One can (and usually does) define the natural number n as the set of all smaller natural numbers:

0 = {} (empty set)
1 = {0} = { { } }
2 = {0,1} = { {}, { {} } }
3 = {0,1,2} =
4 = {0,1,2,3} = { {} , { { } }, { {}, { {} } } , }
etc.

Viewed this way, every natural number is a well-ordered set: the set 4 for instance has the elements 0,1,2,3 which are of course ordered as 0<1<2<3 and this is a well-order. A natural number is smaller than another if and only if it is an element of the other.

We don't want to distinguish between two well-ordered sets if they only differ in the "notation for their elements", or more formally: if we can pair off the elements of the first set with the elements of the second set in a one-to-one fashion and such that if one element is smaller than another in the first set, then the partner of the first element is smaller than the partner of the second element in the second set, and vice versa. Such a one-to-one correspondence is called an order isomorphism and the two well-ordered sets are said to be order-isomorphic.

With this convention, one can show that every finite well-ordered set is order-isomorphic to one (and only one) natural number. In this case, an equivalent definition for finite is that the opposite order is also well-ordered, or that every subset has a maximal element.
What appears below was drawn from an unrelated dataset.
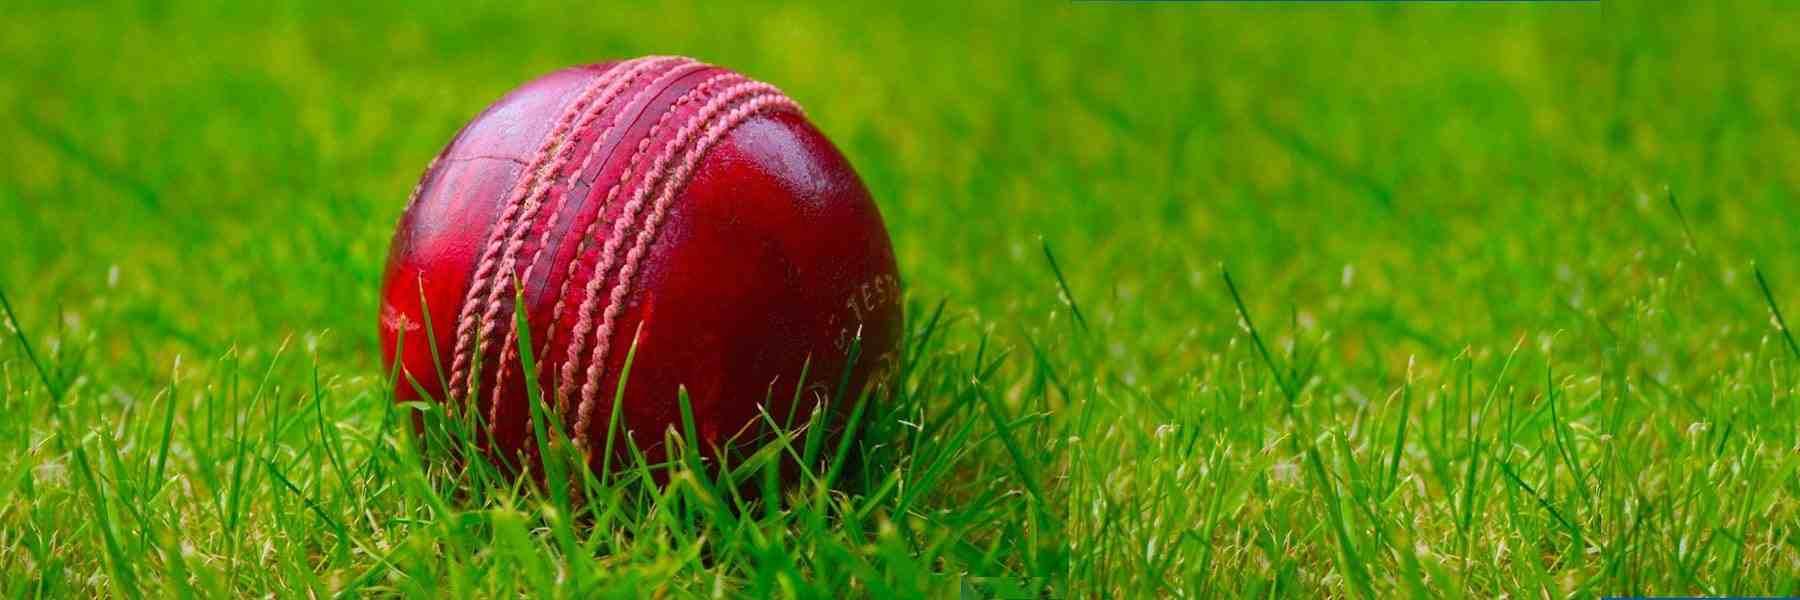 cricket managment software

This provides the motivation for the generalization: we want to construct ordinal numbers as special well-ordered sets in such a way that every well-ordered set is order-isomorphic to one and only one ordinal number. The following definition improves on Cantor's approach and was first given by John von Neumann:

A set S is an ordinal if and only if S is totally ordered with respect to set containment and every element of S is also a subset of S.
Such a set S is automatically well-ordered with respect to set containment. This relies on the axiom of well foundation: every set S has an element a which is disjoint from S.

Note that the natural numbers are ordinals by this definition. For instance, 2 is an element of 4={0,1,2,3}, and 2 is equal to {0,1} and so it is a subset of {0,1,2,3}.

It can be shown by transfinite induction that every well-ordered set is order-isomorphic to exactly one of these ordinals.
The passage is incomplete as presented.